A spokesman for the society said: "The pandas would be one of a number of Chinese species we have. We like to care for those from a mountain environment at Kincraig.

"The experience gained at Kincraig was a very important part of the negotiation process. We always push the point that we already care successfully for Chinese species such as kiang and goral, and we already have red pandas there.

"Our mishmi takin recently produced offspring for the first time, and of course, that is an important thing for the giant panda breeding programme.

Officials at Edinburgh Zoo have reached agreement with the Chinese Government to look after a breeding pair of giant pandas.
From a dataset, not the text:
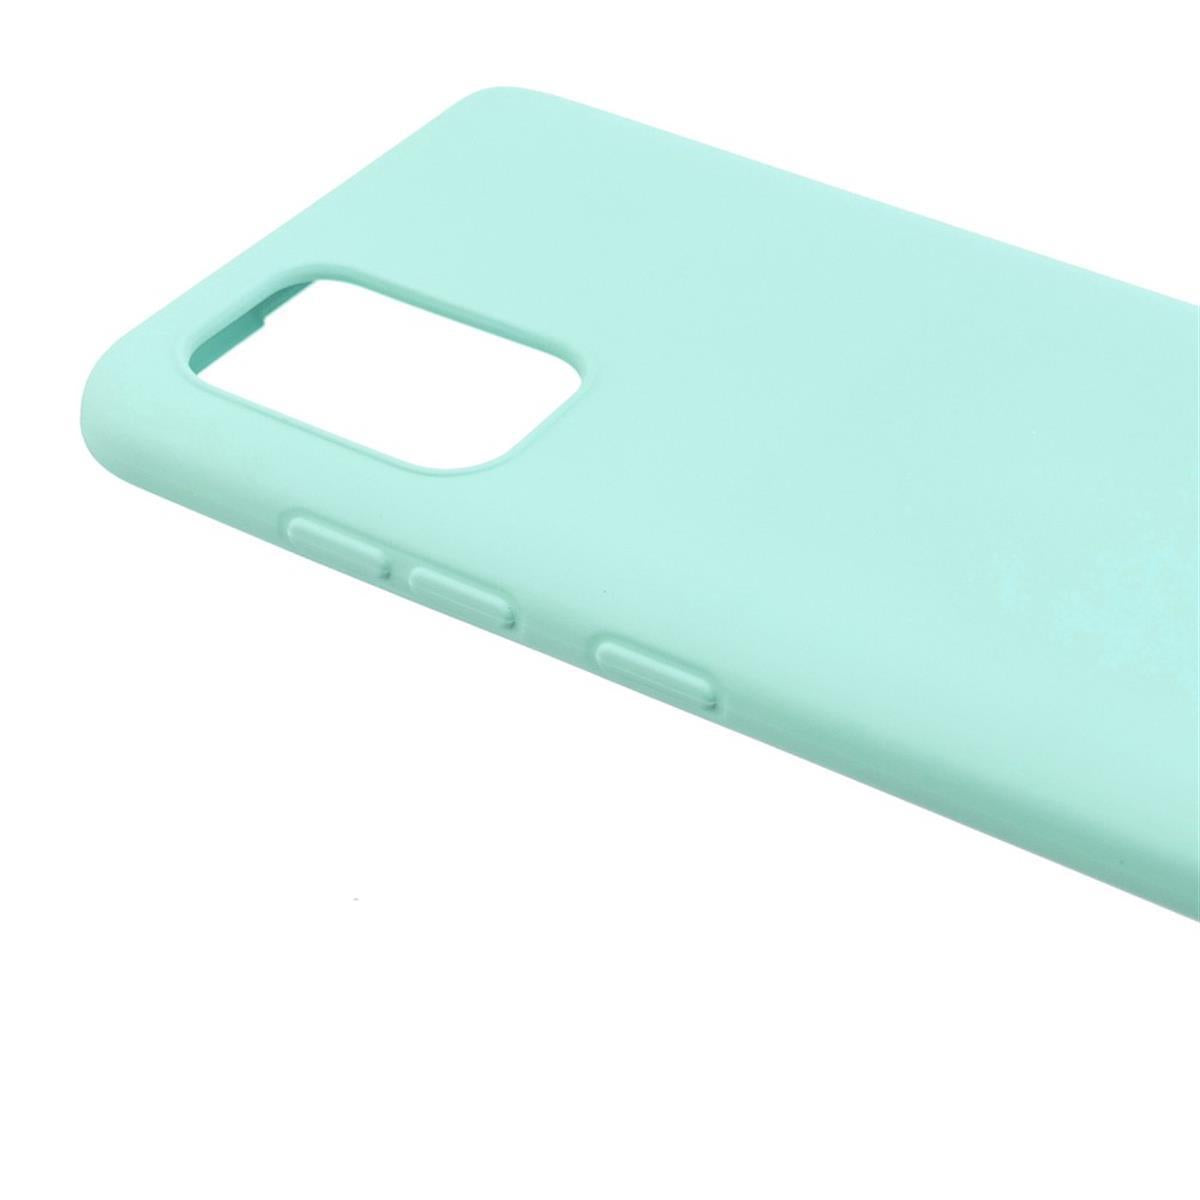 Hülle für Samsung Galaxy A52/A52 5G/A52s 5G Handy Silikon Case Cover Matt Grün

"There are also similarities between the climates of Scotland and the Chinese mountains, and that is maybe one of the reasons they seem to do so well here."

The society regularly sends keepers from Edinburgh Zoo and other parks to Kincraig, and vice versa, to help share experience in the husbandry of the non-native species they care for.

This week a squadron from the Royal Engineers completed work on a new enclosure for the park's latest new Chinese arrivals – a group of Bactrian camels, a species said to be more endangered than the giant panda.

One male and three female camels are expected to be transferred from Edinburgh Zoo next month, and will make their home in a new camel house constructed over the past fortnight by Five Squadron of the Royal Engineers.

Bactrian camels take their name from the region near Iran where they were domesticated, and Staff Sergeant Ritch Hines was amused that he and his men should spend their time home in Britain building a house for camels.

"We have just come back from Iraq, so it's ironic that after six months in the desert, we have been asked to build a home for some camels," he said.

Two-humped Bactrian, or Asian, camels are believed to have been the ancestors of the more familiar one-humped Arabian camel, and are now thought to be all but extinct in the wild.

Today only 400 to 900 are said to survive in China, Tibet and Mongolia, but a captive breeding programme has been running in zoos for several years to help preserve the species.